I think it depends how often they change. Let's take this example:
JQuery: change once a year
3rd party plugins: change every 6 months
your custom code: change every week
If your custom code represents only 10% of the total code, you don't want the users to download the other 90% every week. You would split in at least 2 js: the JQuery + plugins, and your custom code. Now, if your custom code represents 90% of the full size, it makes more sense to put everything in one file.
When choosing how to combine JS files (and same for CSS), I balance:
relative size of the file
number of updates expected
Common but relevant answer:
It depends on the project.
If you have a fairly limited website where most of the functionality is re-used across multiple sections of the site, it makes sense to put all your script into one file.
In several large web projects I've worked on, however, it has made more sense to put the common site-wide functionality into a single file and put the more section-specific functionality into their own files. (We're talking large script files here, for the behavior of several distinct web apps, all served under the same domain.)
The benefit to splitting up the script into separate files, is that you don't have to serve users unnecessary content and bandwidth that they aren't using. (For example, if they never visit "App A" on the website, they will never need the 100K of script for the "App A" section. But they would need the common site-wide functionality.)

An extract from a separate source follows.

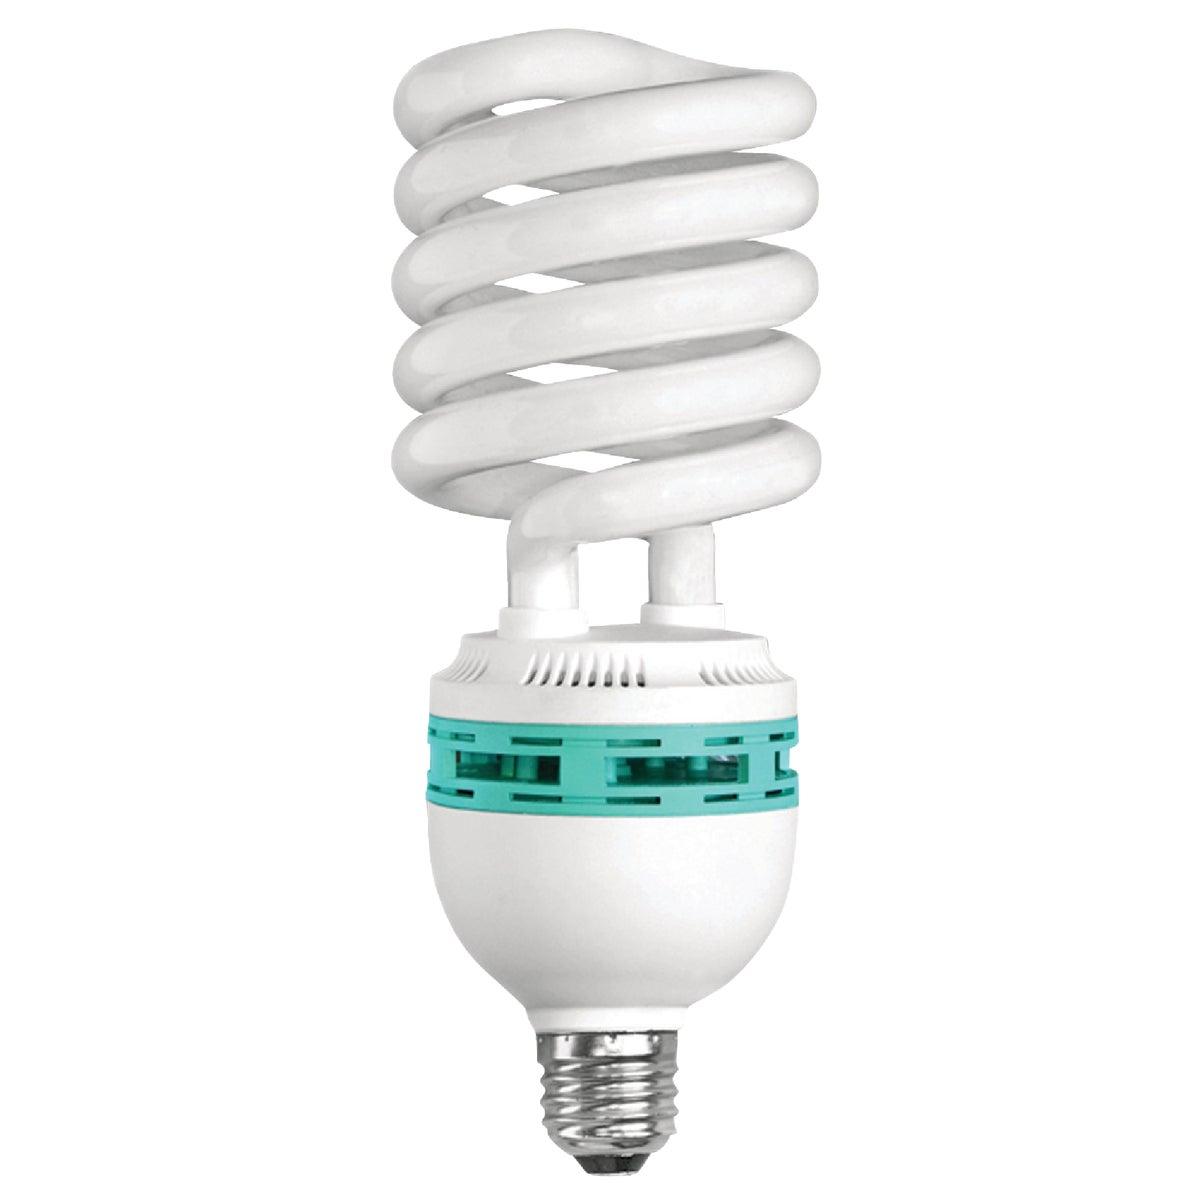 Wobble Light 85W CFL REPLACEMENT BULB WL62260
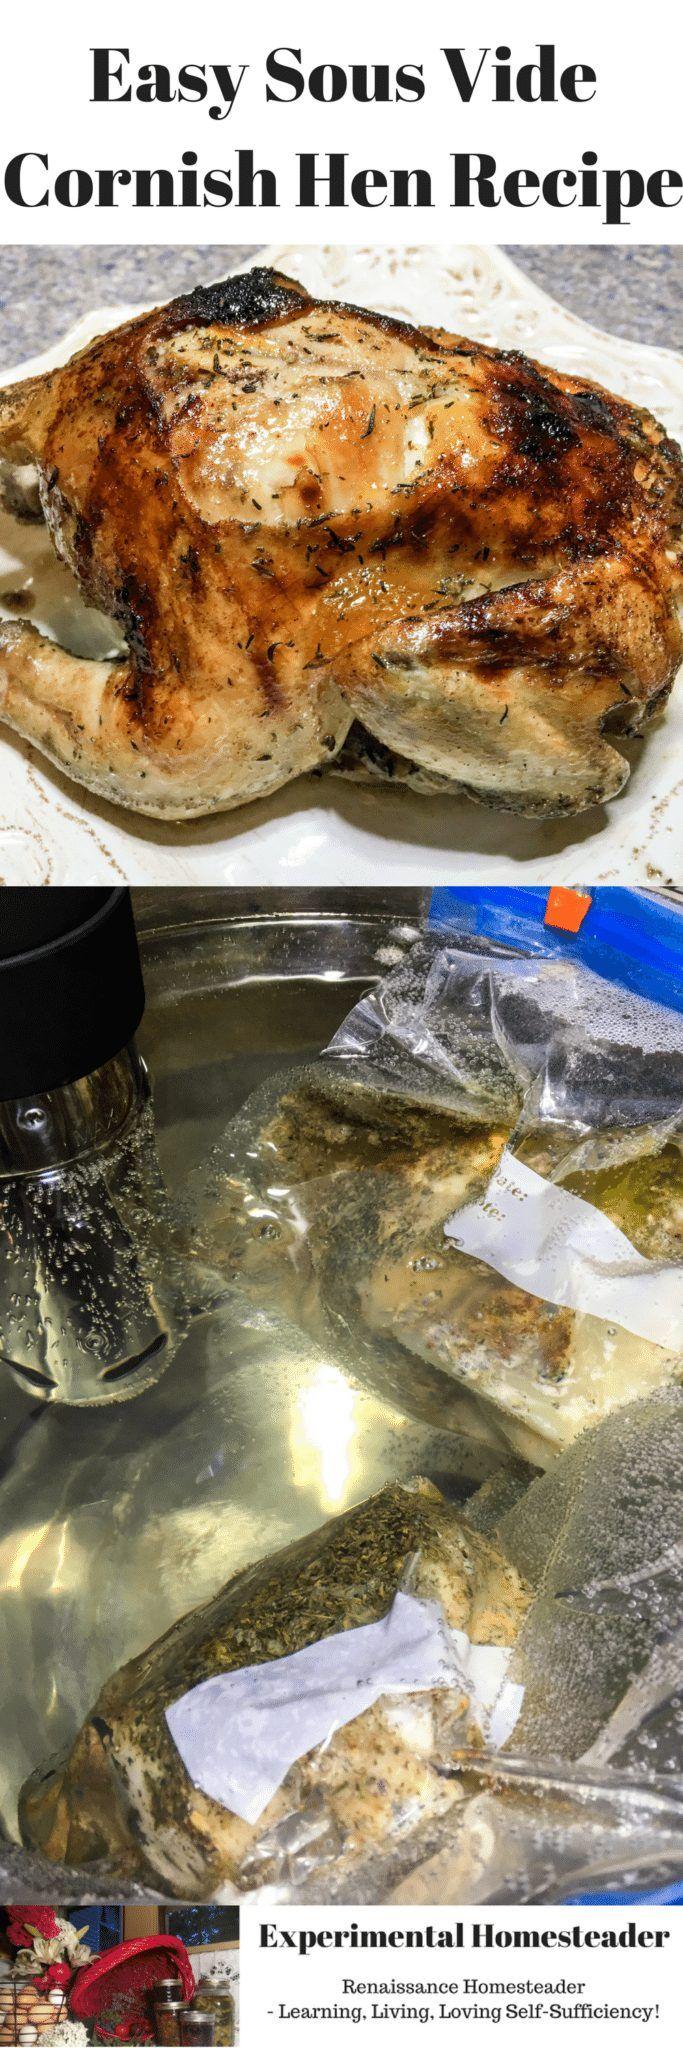 Easy Sous Vide Cornish Hen Recipe Experimental Homesteader Recipe Cornish Hen Recipe Sous Vide Recipes Sous Vide

The benefit to keeping the script under one file is simplicity. Fewer hits on the server. Fewer downloads for the user.
As usual, though, YMMV. There's no hard-and-fast rule. Do what makes most sense for your users based on their usage, and based on your project's structure.
If people are going to visit more than one page in your site, it's probably best to put them all in one file so they can be cached. They'll take one hit up front, but that'll be it for the whole time they spend on your site.
At the end of the day it's up to you.
However, the less information that each web page contains, the quicker it will be downloaded by the end-viewer.
If you only include the js files required for each page, it seems more likely that your web site will be more efficient and streamlined
If the files are needed in every page, put them in a single file. This will reduce the number of HTTP request and will improve the response time (for lots of visits).
See Yahoo best practice for other tips
I would pretty much concur with what bigmattyh said, it does depend.
As a general rule, I try to aggregate the script files as much as possible, but if you have some scripts that are only used on a few areas of the site, especially ones that perform large DOM traversals on load, it would make sense to leave those in separate file(s).
e.g. if you only use validation on your contact page, why load it on your home page?
As an aside, you can sometimes sneak these files into interstitial pages, where not much else is going on, so when a user lands on an otherwise quite heavy page that needs it, it should already be cached - use with caution - but can be a handy trick when you have someone benchmarking you.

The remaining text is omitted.